Overview

Dr. Kenny Beckman is Assistant Scientist and Director of the Functional Genomics Core at CHORI. From a doctoral background in plant biochemistry (he studied the host-pathogen interaction between potato and the blight fungus Phytophthora infestans as a graduate student at the University of Cambridge in England), Dr. Beckman followed an interest in oxidative stress to research on aging at U.C. Berkeley in the laboratory of Bruce Ames.

During his postdoctoral studies, Dr. Beckman developed methods for measuring trace oxidative damage to DNA, and applied these methods to studies of vertebrate aging. Most recently, he took a two-year sabbatical from academia as co-founder of Gorilla Genomics, a research reagent company in Alameda, CA. Since mid-2002, Dr. Beckman has been developing the Functional Genomics Core at CHORI, while establishing an independent research program surrounding the genomic response to oxidative stresses, the role of nutrient-gene interactions in cellular homeostasis, and the overall transcriptional control of cellular defenses and repair.

Functional Genomics
During the past decade, there has been a technological revolution in the way that the life sciences are conducted, commonly referred to as the “genomics” revolution. Initially, this label was applied to large-scale sequencing projects, such as the global Human Genome Project and similar efforts dedicated to organisms such as E. coli, yeast, the fruit fly, the round-worm C. elegans, and the laboratory mouse. In recent years, however, as the technologies developed in support of these large-scale efforts have spilled over into the rest of biomedical research, the term “genomics” has come to mean much more. By now, “genomics” refers to research which is driven by primary genomic sequence information, and in which hundreds to tens of thousands of genes are analyzed simultaneously.

The principle factors driving genomics have been: 1) the complete sequencing of the human genome—and dozens of other genomes—during the past five years; 2) the development and commercialization of robots and other devices capable of handling tens of thousands of samples, which is required in parallel studies of all of the genes in a genome; 3) developments in computing which now provide any researcher who has a few thousand dollars with an extremely powerful personal computer capable of dealing with large data sets; 4) developments in the related field of “bioinformatics,” which have resulted in software for manipulating and analyzing millions of data points from tens of thousands of genes and thousands of samples.

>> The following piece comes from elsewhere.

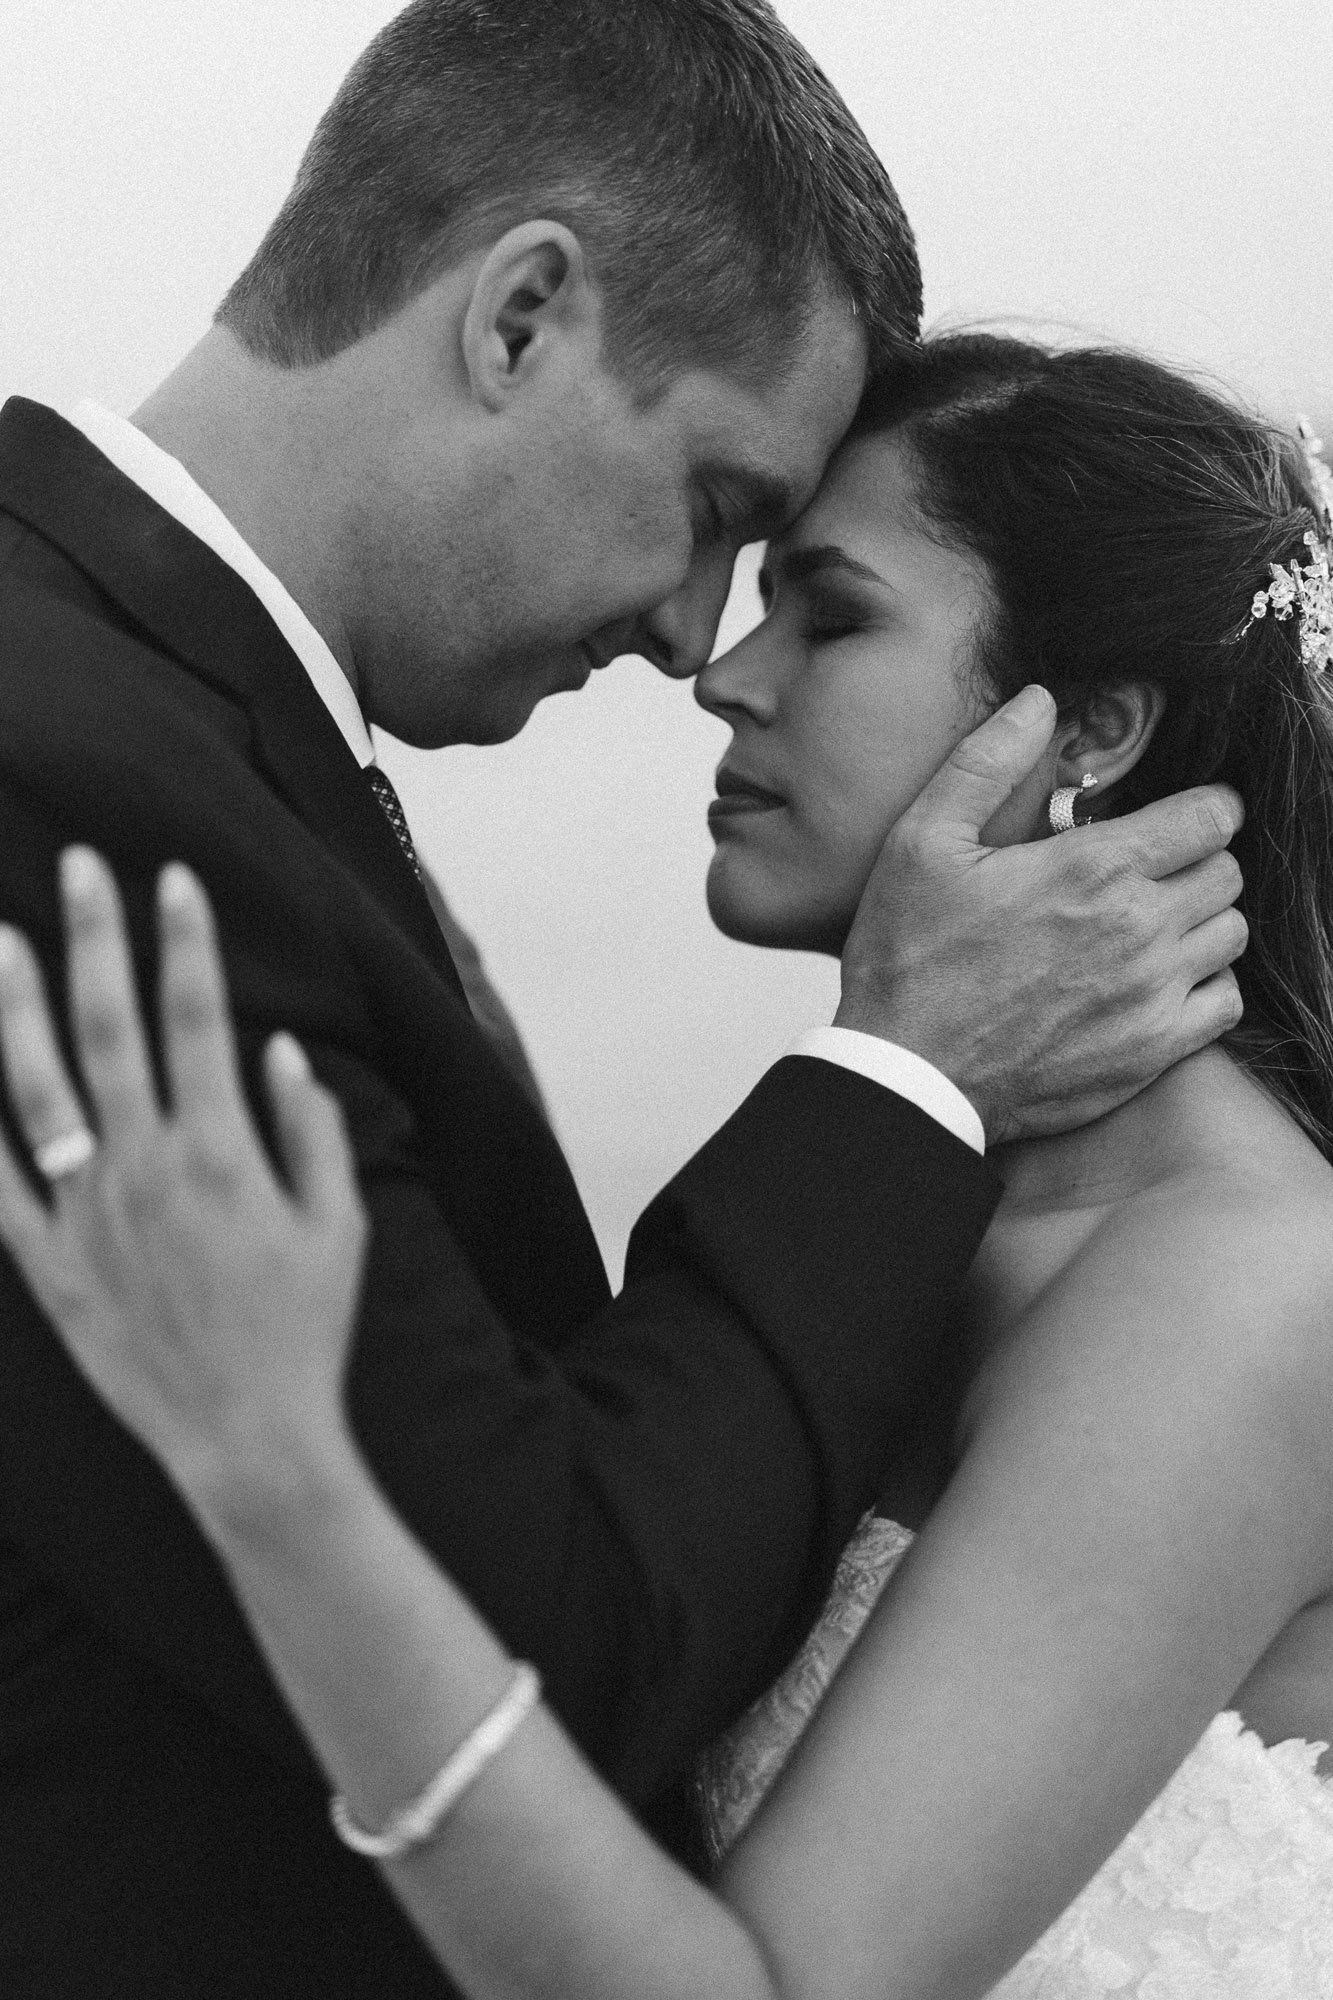 bride-groom-eyes-closed-embracing-monochrome-couples-photographer-autumn-skye-phoenix-boston.jpg

Perhaps most significantly, the adoption of genomics has been driven by an evolution in the mind-set of research scientists, who have now embraced a “discovery-based” model for research that differs from and is complementary to “hypothesis-driven” approaches. Traditionally, most biomedical research has been driven by hypotheses about specific molecules, structures, genes, and so on. Most experiments, in other words, have been pursued in order to test out a specific model about how a known molecule, cell, organ, or organism works. The sequencing of the human genome, of course, made it evident that scientists were studying no more than 10% of identifiable genes. Genomics, in essence, permits scientists to try to discover the identities and functions of the remaining 90% of genes. In other words, many genomic experiments have no explicit hypothesis about a known gene, as they are focused on unearthing different kinds of information, such as the functional identities of uncharacterized genes, or previously unknown associations between disparate genes and gene families.